When visiting Melbourne, MoMo was definitely on my list of places to visit. I love Middle Eastern food, and fine dining, so it was a bit of an easy choice, plus I’d loved chef Greg Malouf’s travelogue/cookbooks written with Lucy Malouf: Arabesque, Saha and Turquoise. I don’t yet have Moorish, but it’s on my list of cookbooks-to-own.
Arriving at the restaurant was all part of the charm. When entering the (normal-looking) lift and pressing the button for the lower floor, suddenly the lights dim, Middle Eastern music plays and a hitherto unseen panel in the wall is lit to show a collection of Turkish objects. Atmosphere plus!
This is a high-end restaurant. Very high end. When we popped down on Thursday night to make a reservation for Friday, my jeans and shopping bags (come on, I was in Melbourne!) were eyed somewhat haughtily by the maitre d’. However, when we returned the next evening dolled up to the nines (velvet and satin, no denim to be seen!) we were welcomed with much more alacrity.
The decor is unmistakably middle eastern, with plush chairs, carved wooden chests and gorgeous little lamps on each table, completely overshadowed by the rivers of sparkling crystals over the lights on the ceiling. Wow.
We had told them in advance that I required gluten-free food, and the waiting staff did their best to accommodate this, unfortunately, mostly by leaving things out rather than substituting something else.
We started with a “traditional” starter, puffy flatbread (not for me), vegetable sticks with an oil and pomegranate molasses dipping sauce. This was a visually appealing and tasty entree, but we were eager to move on to the “real” food. The drinks list has all the usuals, plus some interesting “fusion” drinks to get people into the mood. I tried a Turkish Delight Martini, which was lovely.
The menu at MoMo on weekends are set, but you can choose amongst the entrees and mains to share. The entrees we chose were a mussel and prawn pilaki cooked in parchment, and the special, a half yabbie with spices. These were lovely. The pilaki was a diced vegetable stew strewn with the seafood, and the yabbie was tasty and well-cooked.
Our mains consisted of the marinated roasted lamb with spanikopita and honey-cardamom duck with lentils.
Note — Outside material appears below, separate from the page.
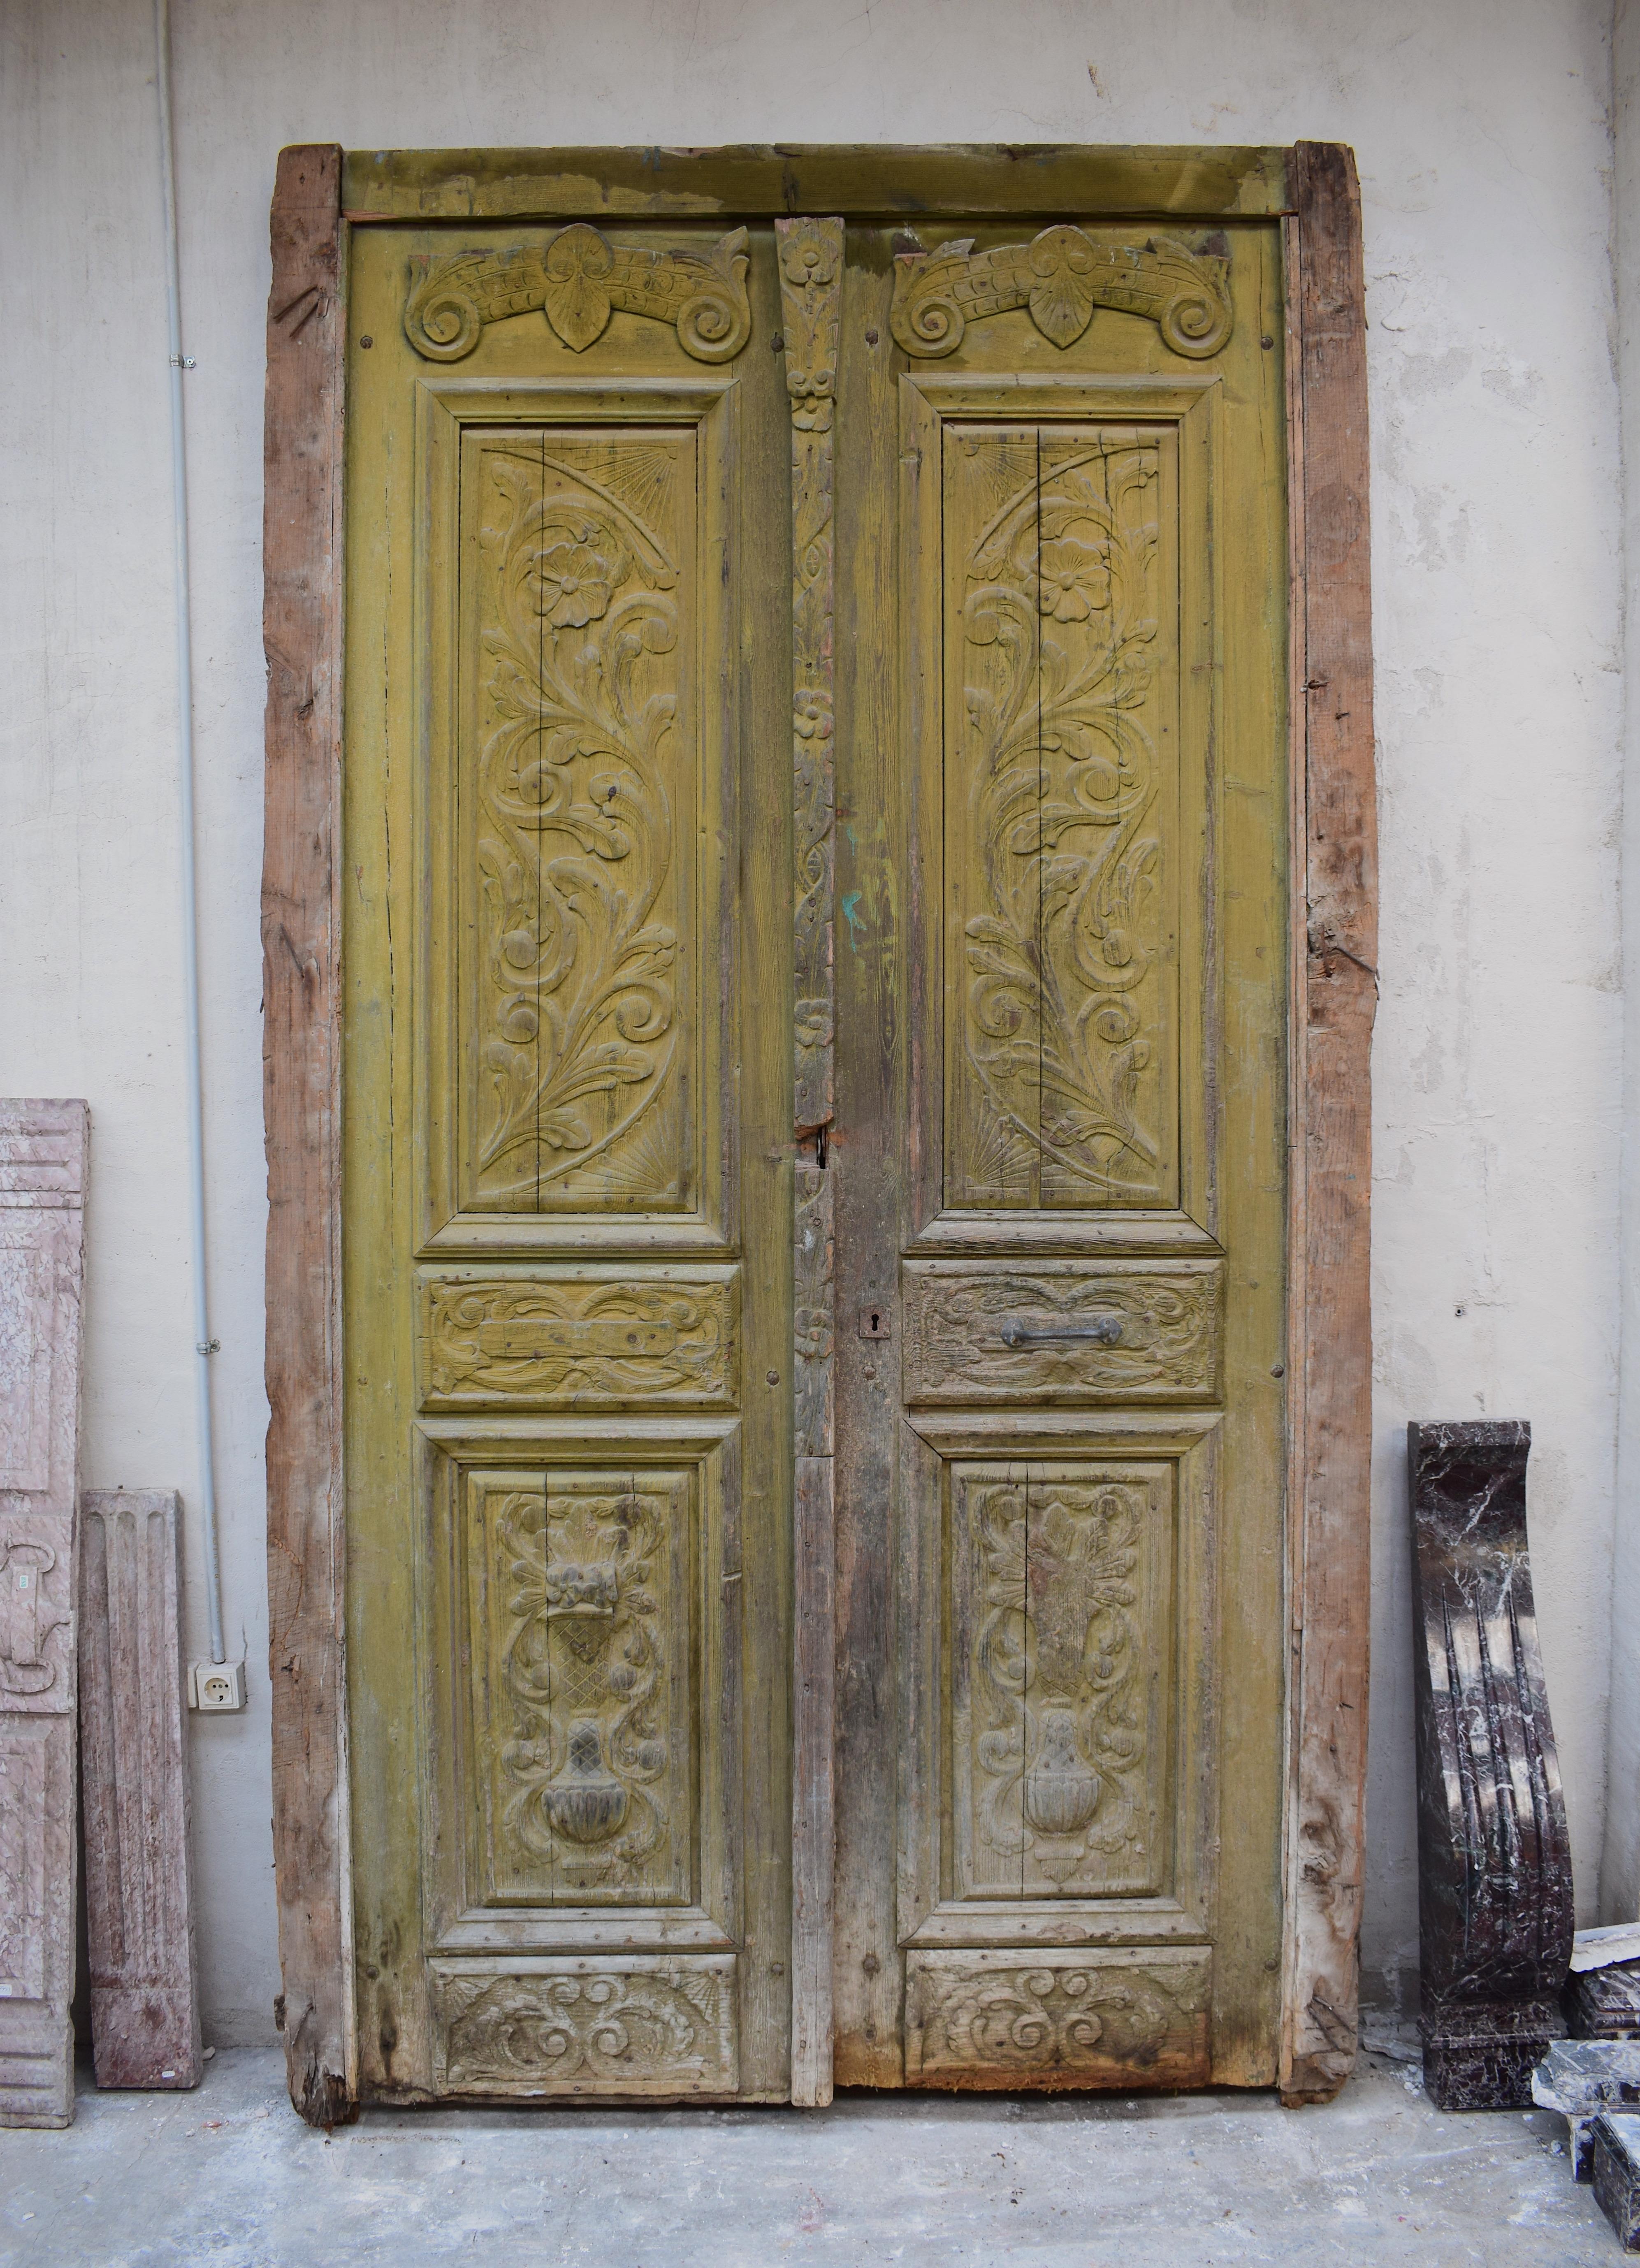 This set of large antique exterior doors have great hand crafted raw detail carved into each panel. They are from an old house and are architectural salvage. The doors have a beautiful green and yellow patina colour across their surfaces. Each door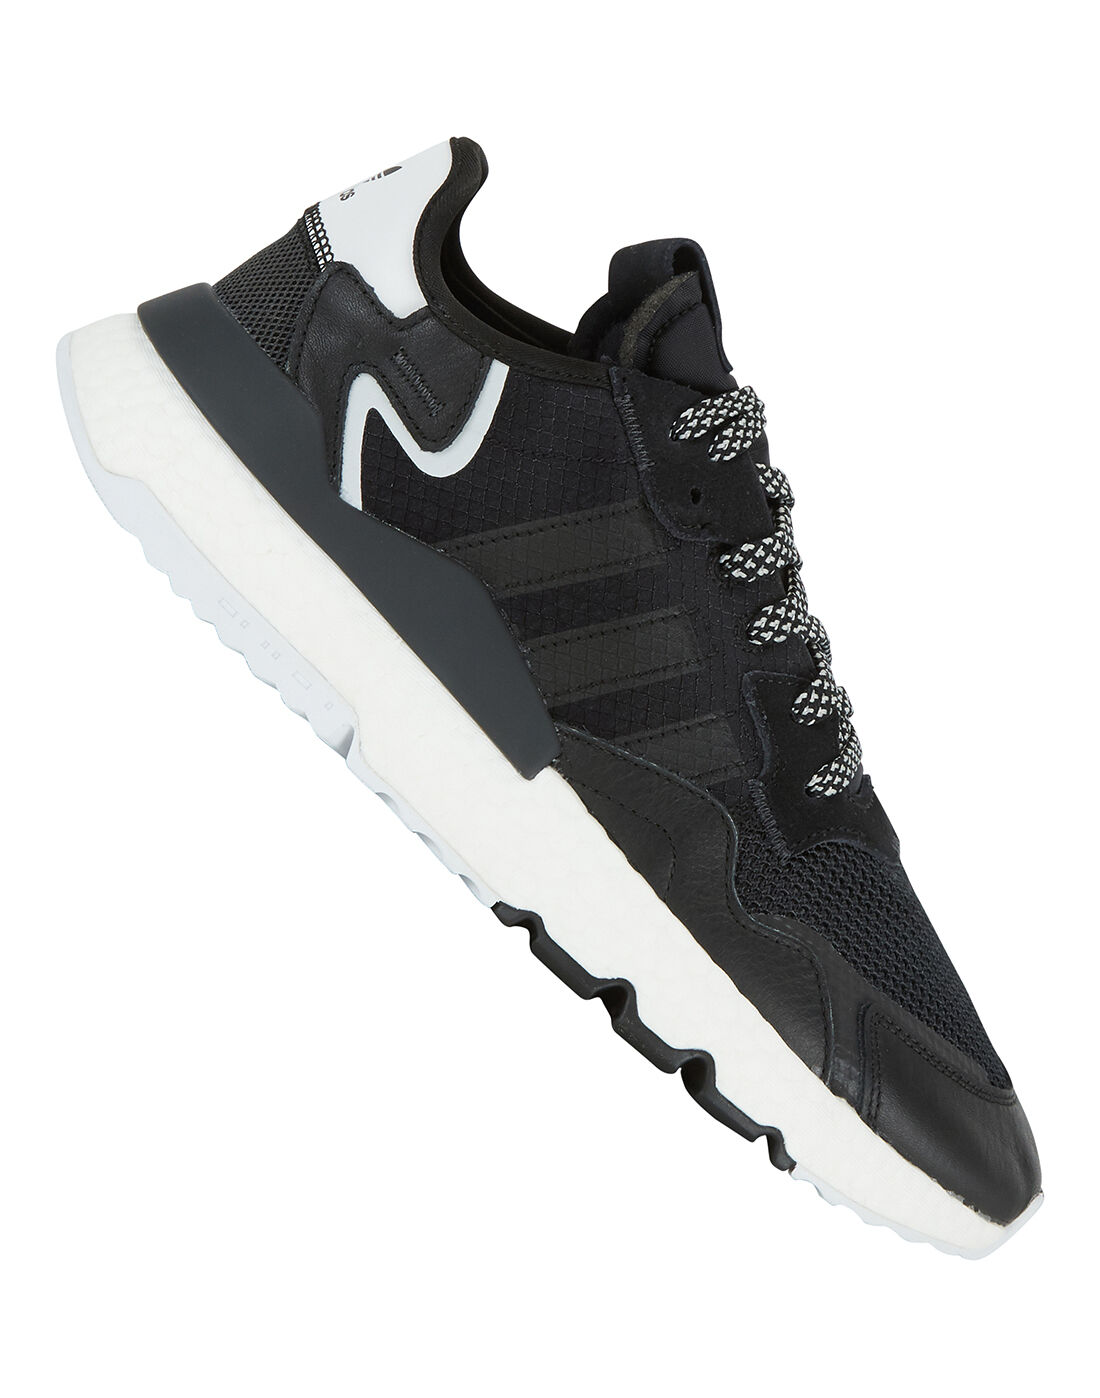 adidas jogger mens trainers

My substitute for the spanikopita was cooked spinach, which was well-seasoned. The lamb and duck both tasted amazing, succulent and complex, and neither of us could choose which had been the best meat dish. The sides we chose were a delicious creamed feta spinach (deluxe!) and tomato salad with shankleesh. I don’t know where they bought their tomatoes but they were intensely flavoured.
We hadn’t realised that the dessert tasting plate was included in our “Arabesque” dinner menu, and so we were ecstatic when our plates arrived. We were slightly disappointed that the Fairy Chimney Meringues were off the menu (they’re the ones on the cover of Turquoise) but we were very happy with our platters of sweets. There was a divinely creamy panna cotta, sesame honey ice cream, turkish fairy floss and a fruit salad with mandarin icecream. My dinner companion also had cookies and a chocolate wafer in the shape of a turkish coffee pot in addition to the gorgeous tastes on my plate. Delish!
Since we had booked an early table, the staff were eager to have us leave by the next sitting, but we had finished in perfect time for this.
I would definitely recommend MoMo for a special occasion, as the atmosphere is luxurious and the food an amazing blend of tastes. The service was almost as good as I had predicted, with attentive staff right up to the end, with the only small blemishes their initial reaction to us the night before, and a waitperson who didn’t crack a smile until the final course.
Unfortunately when you step into the lift to leave, the lights come back up and the music ceases a bit too abruptly for those of us who would like to savour the evening!